Exercise brief: Nothing but the lines from the one with "Envirolab85" through the end of the listing should be reproduced, each exactly and with pictures omitted.

Information shown:
....

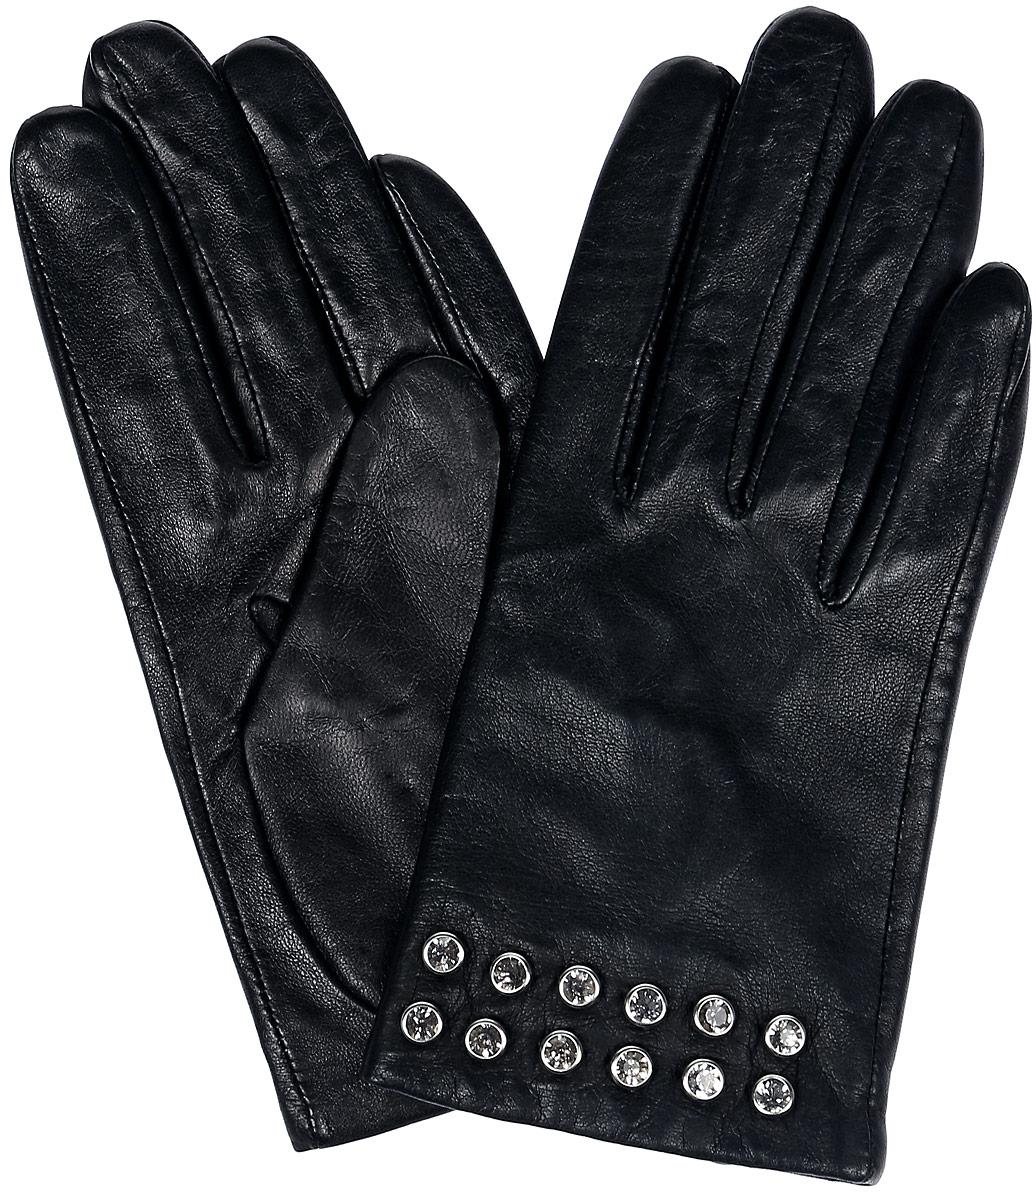 Перчатки81_DIE/BLЖенские перчатки Dali Exclusive не только защитят ваши руки, но и станут великолепным украшением. Перчатки выполнены из натуральной кожи, а подкладка - из высококачественного шелка. Модель оформлена клепками со стразами.
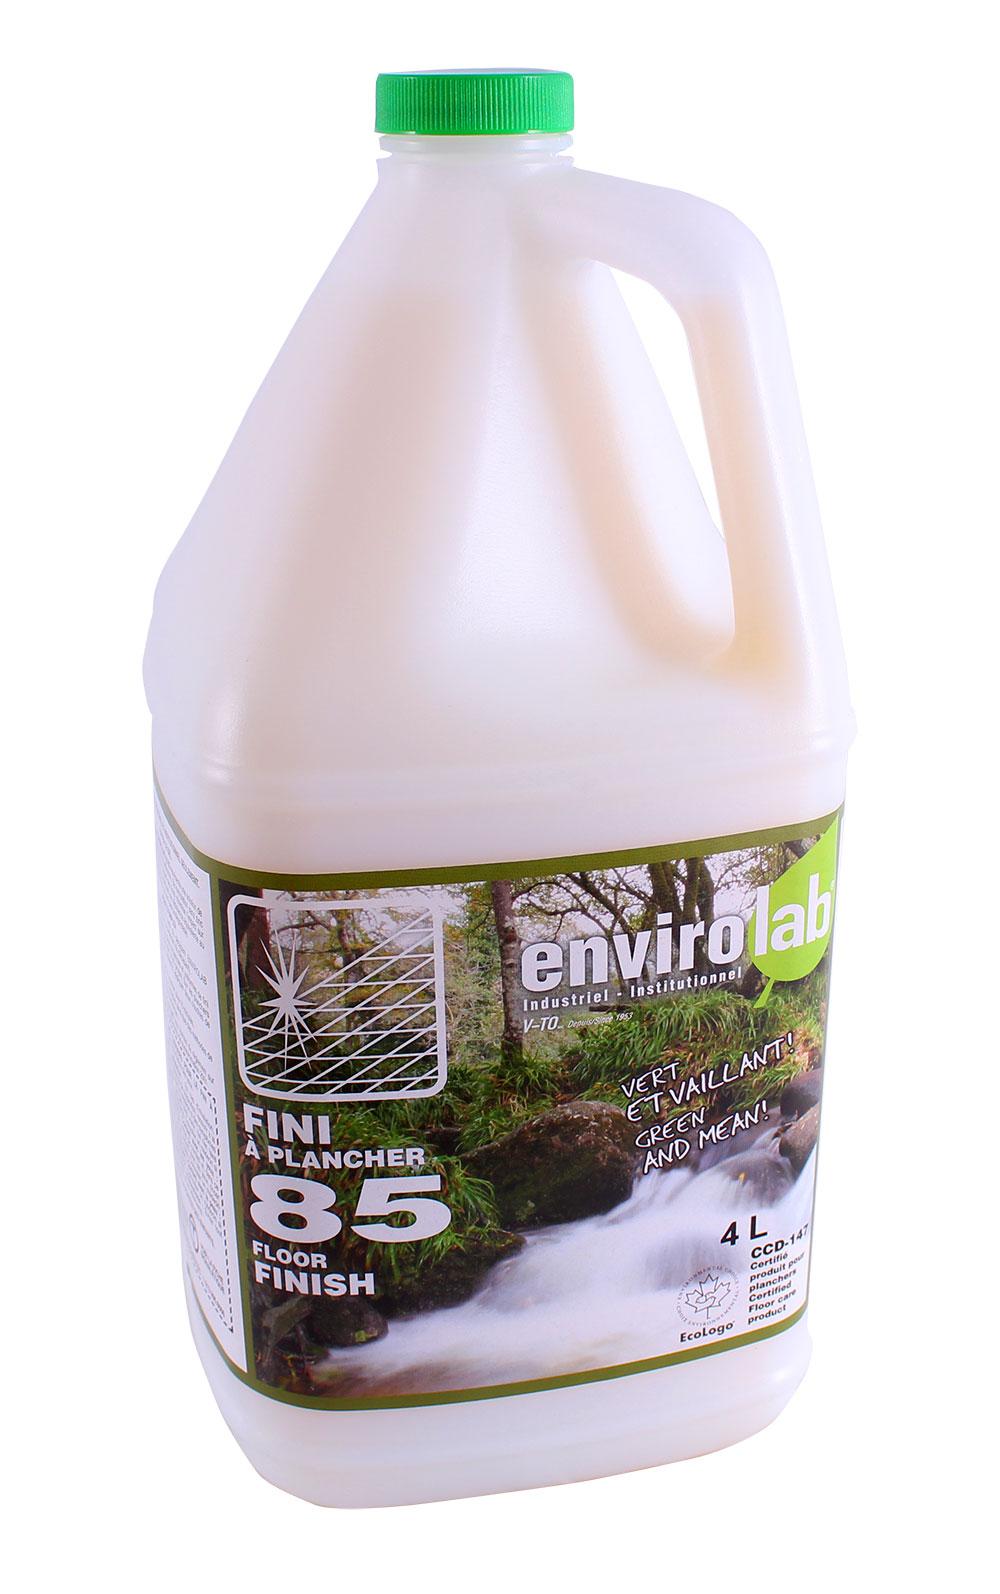 Envirolab85
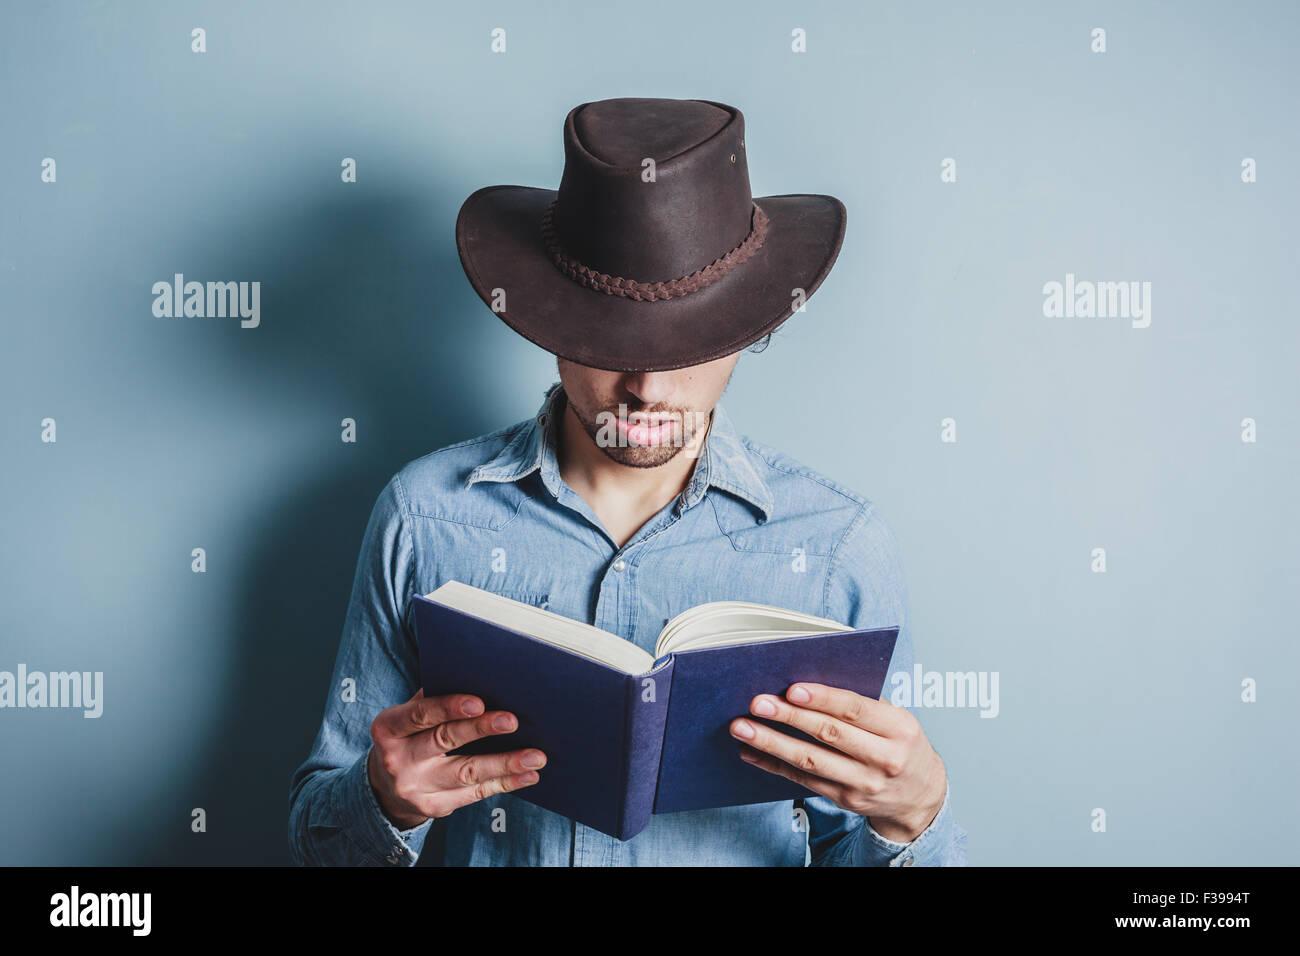 vaquero-joven-esta-leyendo-un-libro-f399

....

Output for this exercise:
 Envirolab85
 vaquero-joven-esta-leyendo-un-libro-f399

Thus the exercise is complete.